À la tête des deux chambres, des visages nouveaux remplacent des dirigeants historiques. La formation politique qui les a désignés reste, elle, identique. Ce changement de personnels s’inscrit dans un cadre de stabilité partisane continue.
Stéphane Akoa : un « coup de tonnerre » nuancé par l’analyse
L’analyste politique Stéphane Akoa a qualifié l’événement de « coup de tonnerre » pour la population camerounaise. Selon lui, cette population attendait depuis longtemps un renouvellement à la tête des deux institutions parlementaires. Il souligne un sentiment d’attente qu’il décrit comme ancien et réel.
Mais Akoa a aussitôt nuancé ce constat. « Même si l’on peut raisonnablement discuter du fait de savoir si un simple remplacement de personnes va provoquer un grand changement, voire un bouleversement dans le fonctionnement des institutions », a-t-il déclaré à l’AFP mardi.
Cette réserve est centrale dans son analyse. L’analyste sépare l’impact symbolique du changement de ses effets potentiels sur le fonctionnement réel des assemblées. Les deux nouvelles présidences émanent du même parti que les précédentes. Un changement de personnes ne modifie pas mécaniquement les règles d’organisation des chambres : c’est le cœur de la réserve exprimée.

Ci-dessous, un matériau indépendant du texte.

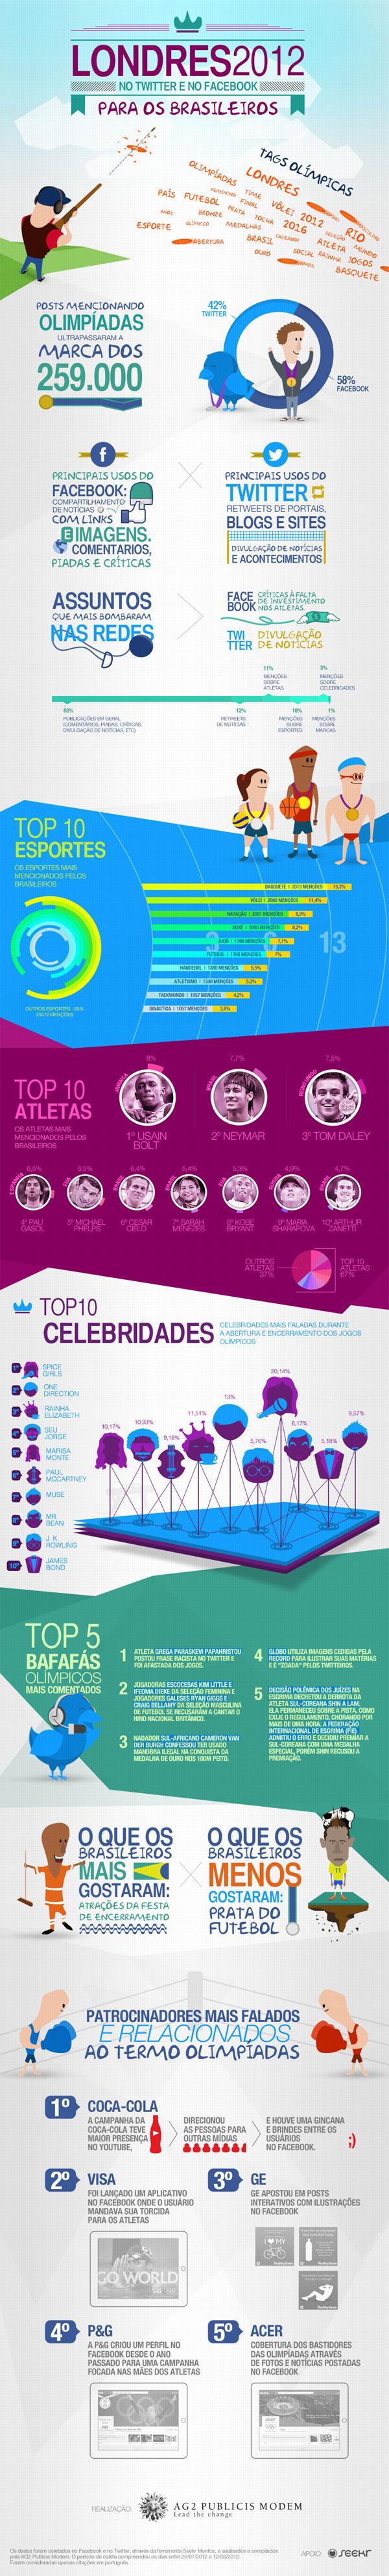 infográfico londres 2012.  repercurssão nas mídias digitais

Pour Stéphane Akoa, cette double élection répond à une attente populaire sur le plan des symboles. La dimension fonctionnelle du changement reste, selon lui, une question entière. L’avenir dira si le renouvellement des personnes entraîne celui des pratiques.
Renouvellement institutionnel au Cameroun : un signal à confirmer dans les faits
Les deux nouvelles présidences s’installent dans un Parlement chargé d’attentes. La population camerounaise espérait, selon Stéphane Akoa, ce changement depuis longtemps. Cette attente, qu’il décrit comme ancienne et réelle, reste pour l’instant sans réponse certaine sur le fond. La question reste ouverte : un renouvellement des personnes peut-il produire un renouvellement des pratiques institutionnelles ?
Aboubakary Abdoulaye connaît le Sénat de l’intérieur. Son mandat de premier vice-président lui a permis d’en suivre le fonctionnement au quotidien. Son élection à l’unanimité indique un consensus solide au sein du RDPC autour de sa candidature.
Théodore Datouo prend la tête d’une Assemblée nationale qui n’a connu qu’un seul président depuis 34 ans. Sa nomination à 66 ans représente un rajeunissement marqué par rapport à Cavaye Yéguié Djibril, 86 ans au moment de son départ. Le même écart d’âge se retrouve au Sénat : Njifenji avait 91 ans, Abdoulaye en a 64.
Ce rajeunissement constitue l’un des marqueurs concrets de ce basculement. Il ne garantit pas pour autant une transformation de fond des pratiques parlementaires. Les deux hommes appartiennent tous deux au RDPC.
Ces deux nouveaux présidents dirigent désormais les deux chambres du Parlement camerounais. Tous deux appartiennent à la même formation politique au pouvoir depuis des décennies. La portée réelle de ce renouvellement institutionnel au Cameroun se mesurera dans les mois qui viennent.